---- Given records

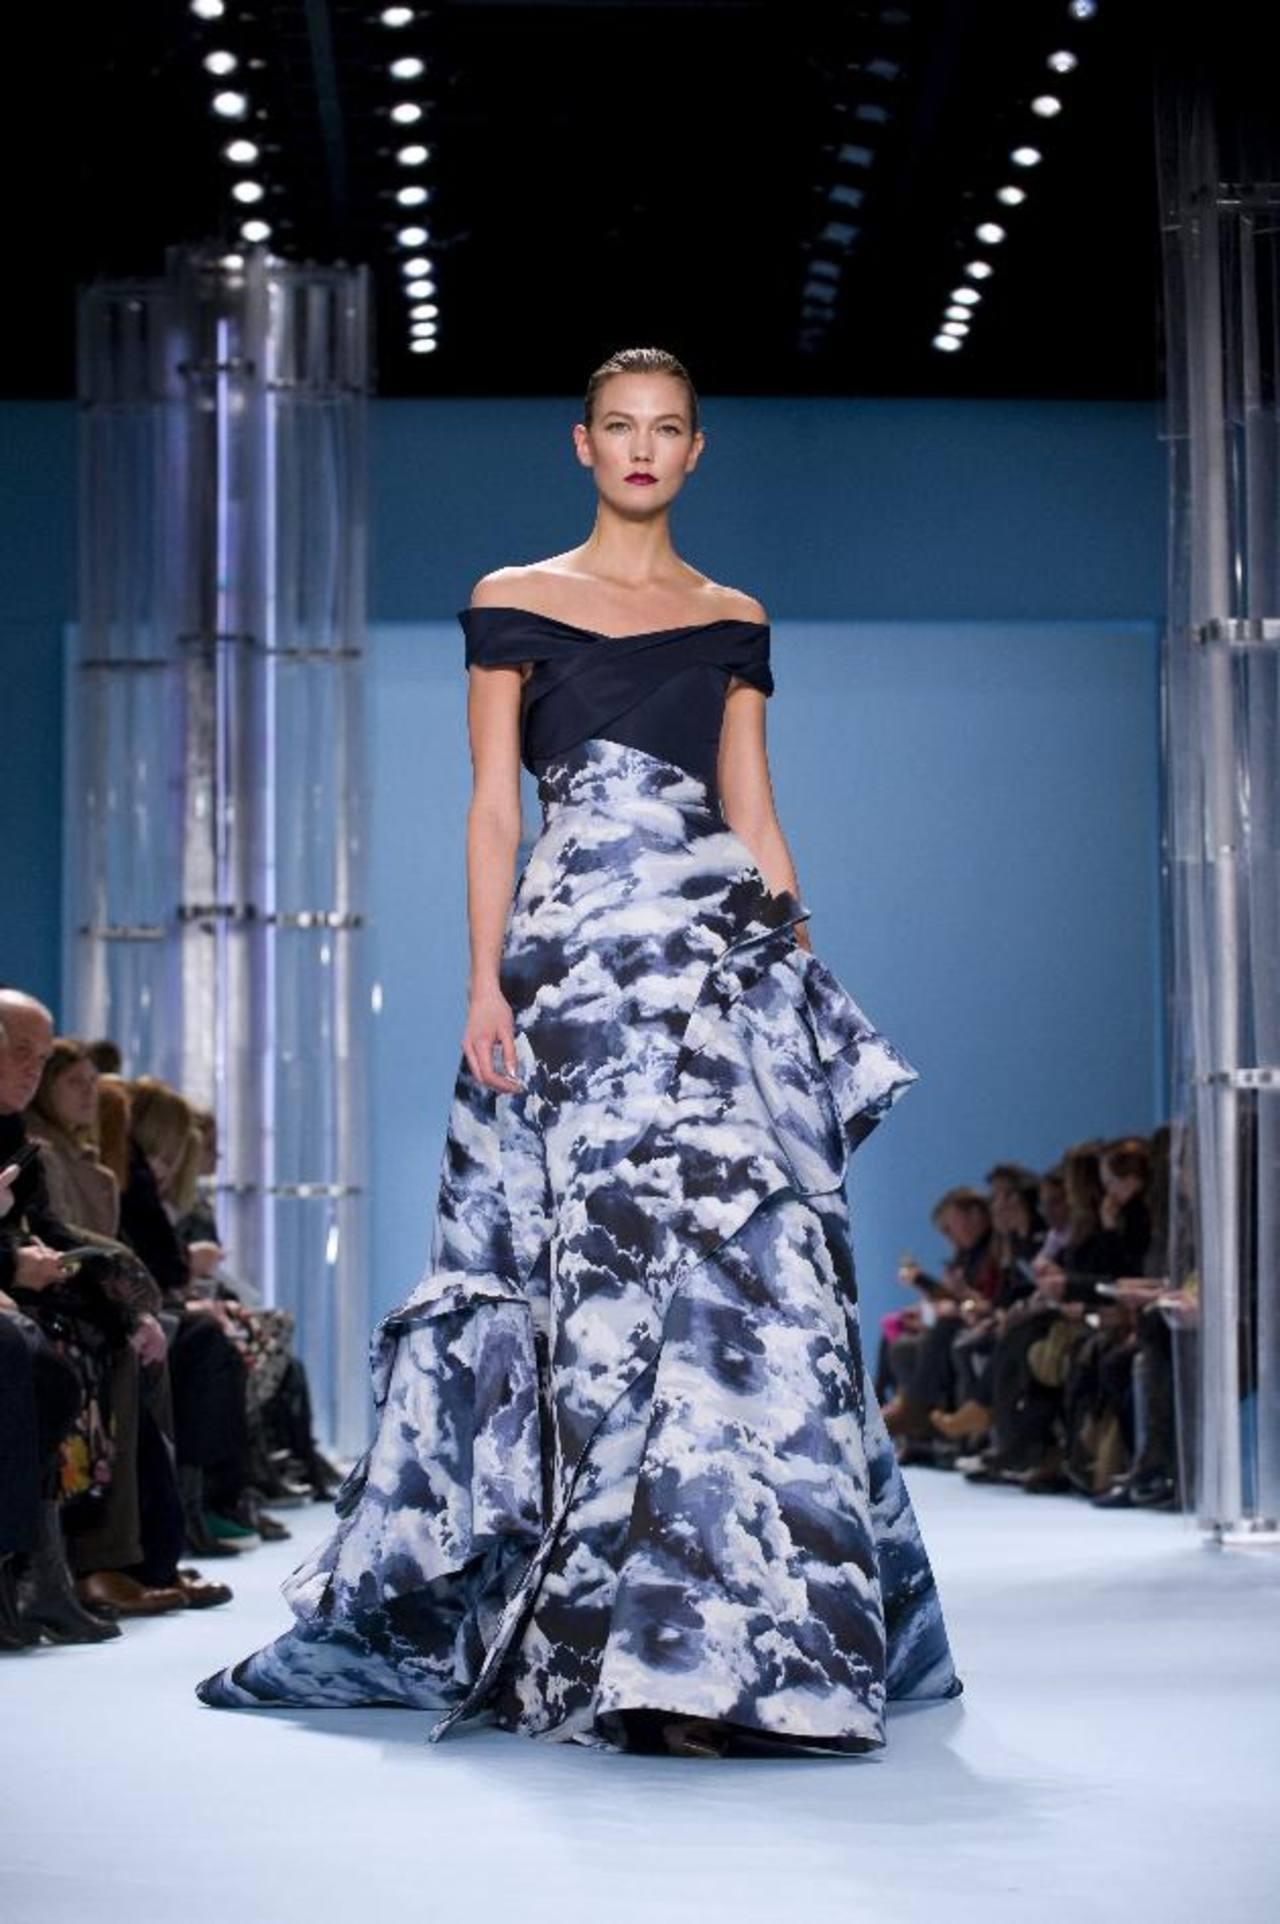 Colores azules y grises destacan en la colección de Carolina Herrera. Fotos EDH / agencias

--------
---- Given records

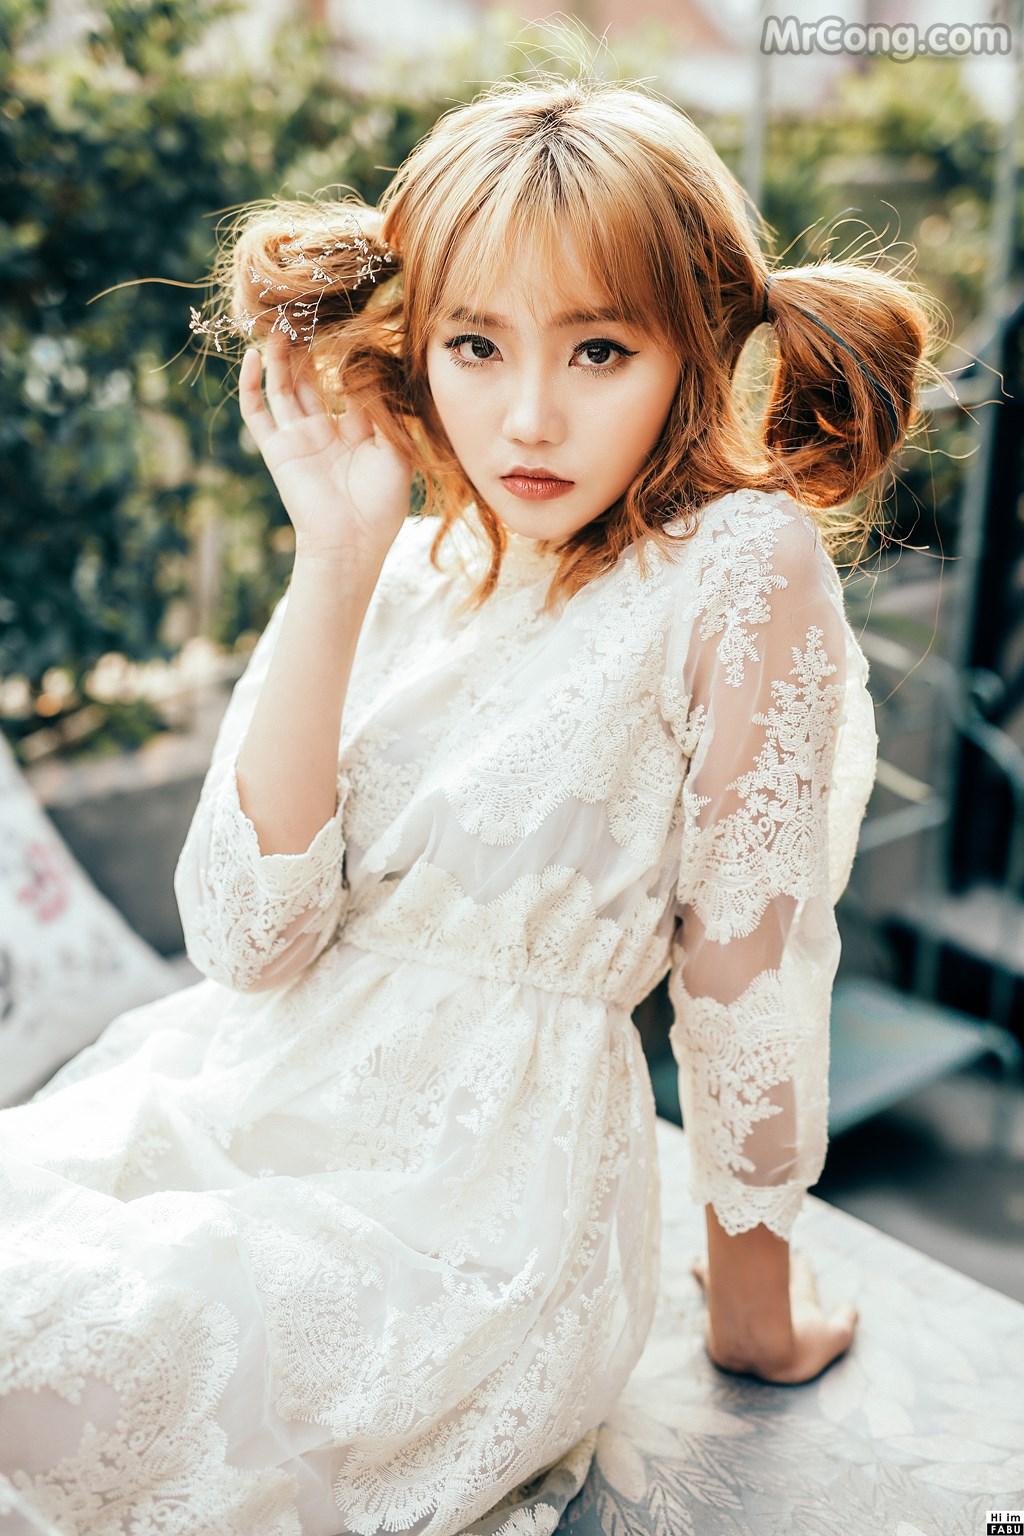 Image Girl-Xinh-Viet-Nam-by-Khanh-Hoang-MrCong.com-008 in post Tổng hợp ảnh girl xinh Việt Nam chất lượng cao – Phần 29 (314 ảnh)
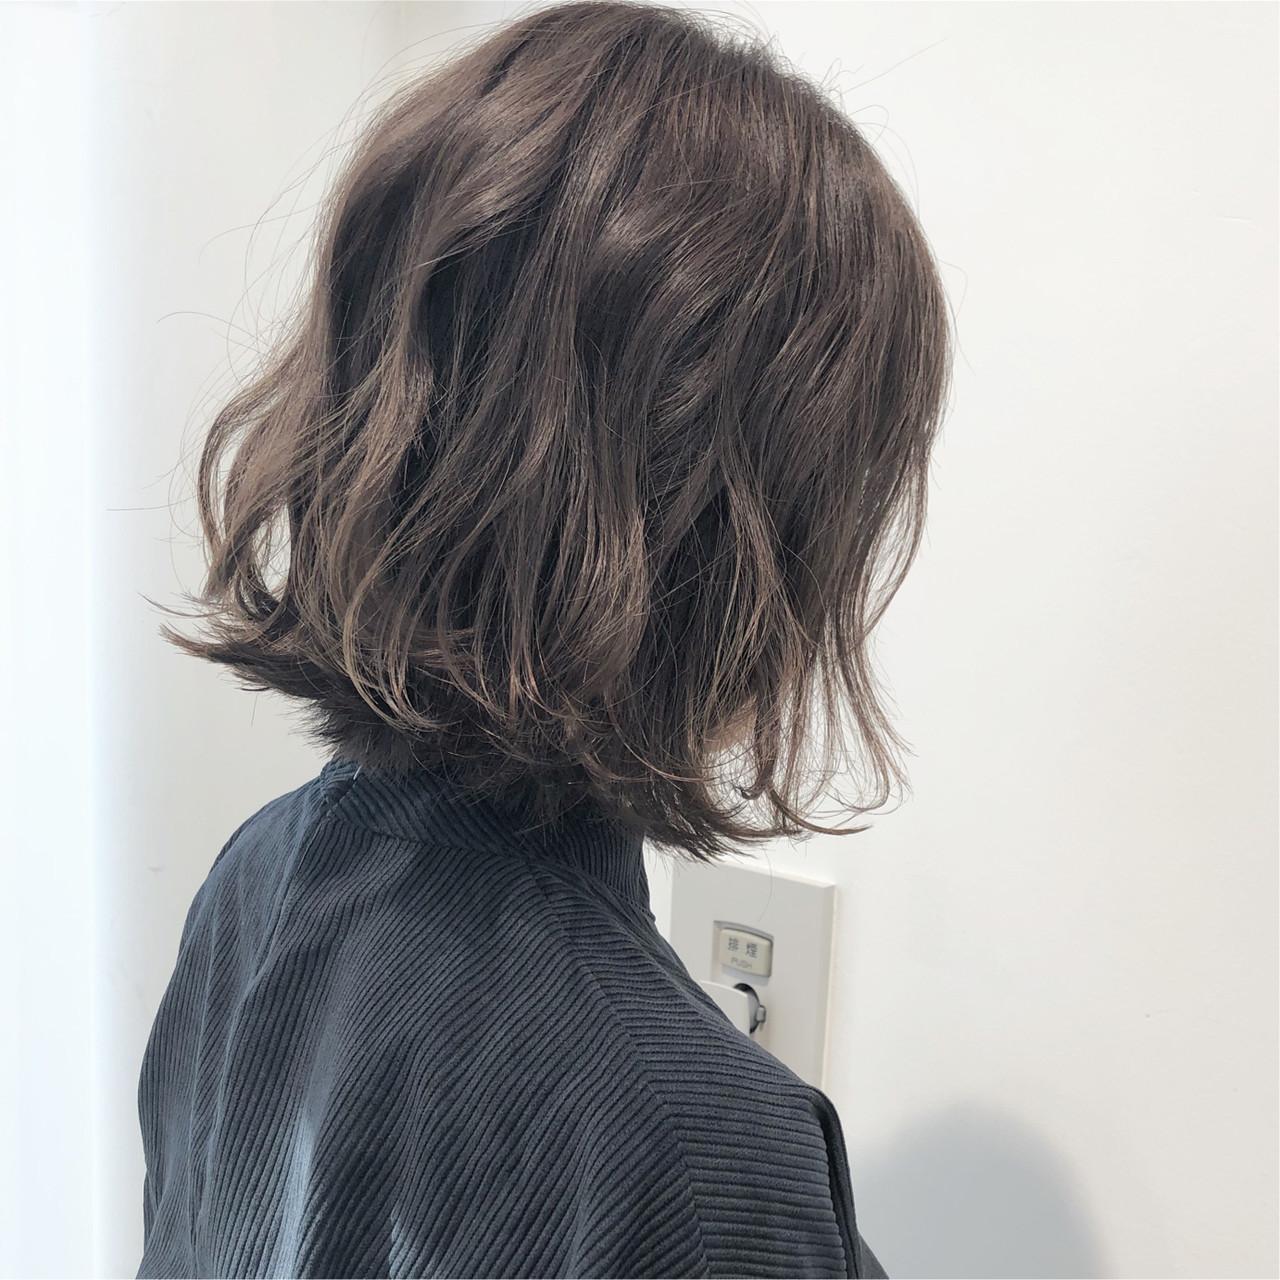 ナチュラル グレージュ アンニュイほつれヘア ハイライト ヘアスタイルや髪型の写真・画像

--------
---- Given records

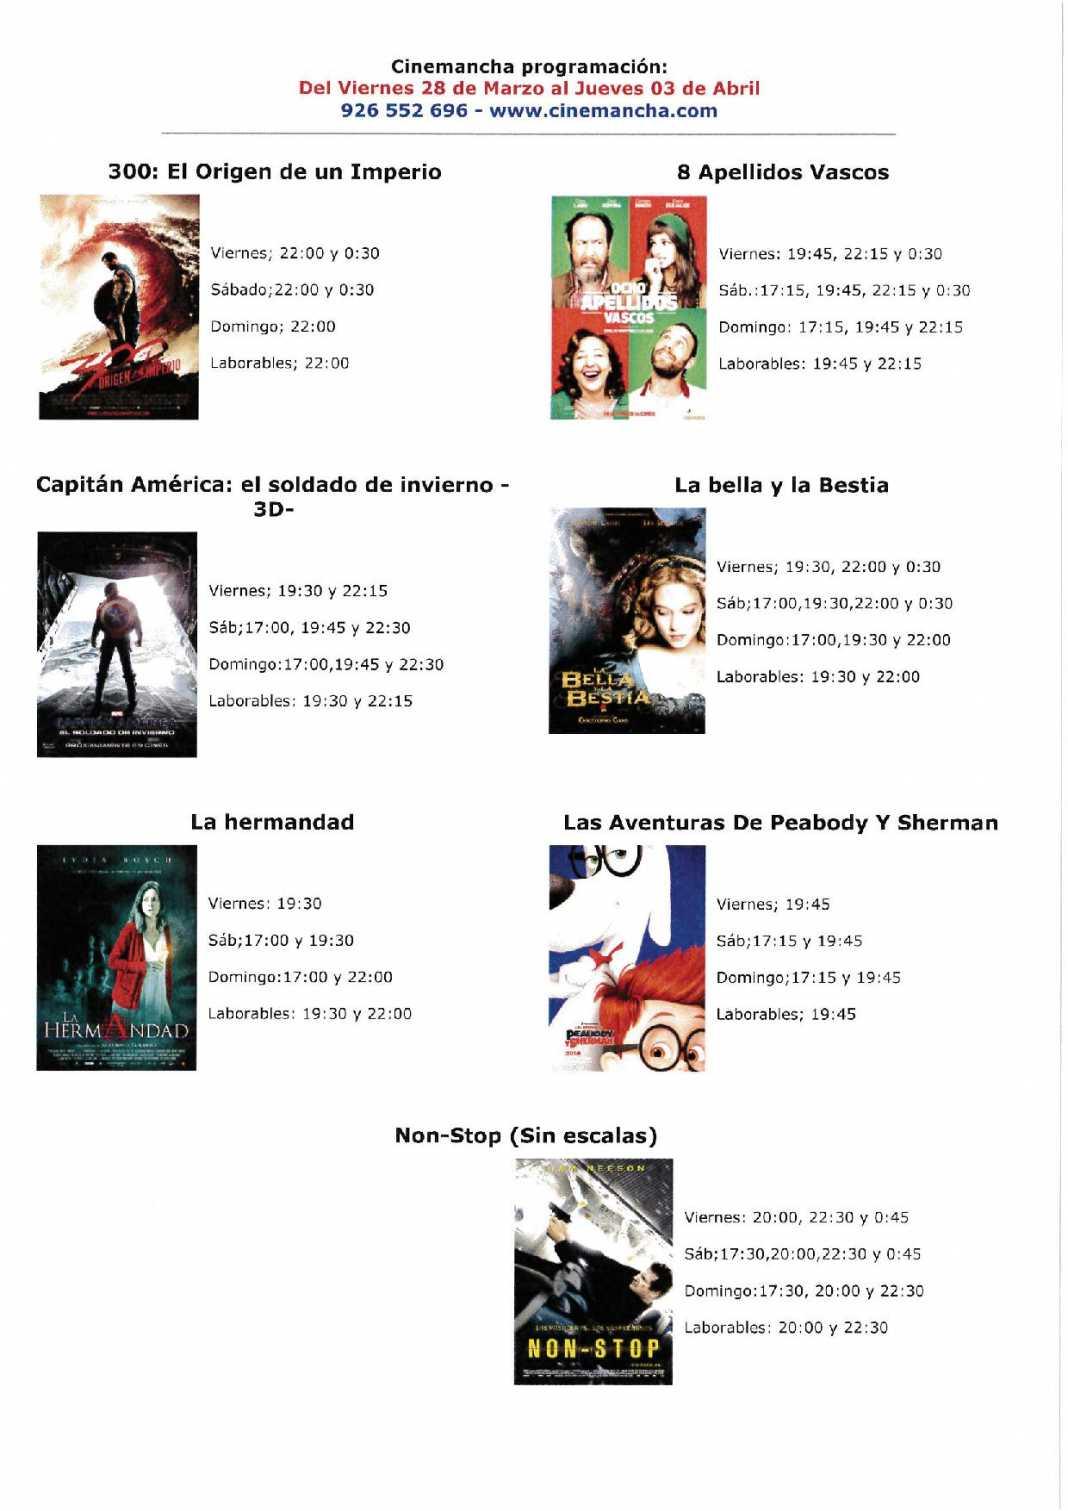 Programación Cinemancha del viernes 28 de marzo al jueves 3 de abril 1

--------

Assigned task. When you reach the line holding "Image Girl-Xinh-Viet-Nam-by-Khanh-Hoang-MrCong.com-008 in" in the listing above, begin retyping exactly, and stop once the line holding "ナチュラル グレージュ アンニュイほつれヘア ハイライト ヘアスタイルや髪型の写真・画像" is done; pictures stay out.

Exercise response.
 Image Girl-Xinh-Viet-Nam-by-Khanh-Hoang-MrCong.com-008 in post Tổng hợp ảnh girl xinh Việt Nam chất lượng cao – Phần 29 (314 ảnh)
 ナチュラル グレージュ アンニュイほつれヘア ハイライト ヘアスタイルや髪型の写真・画像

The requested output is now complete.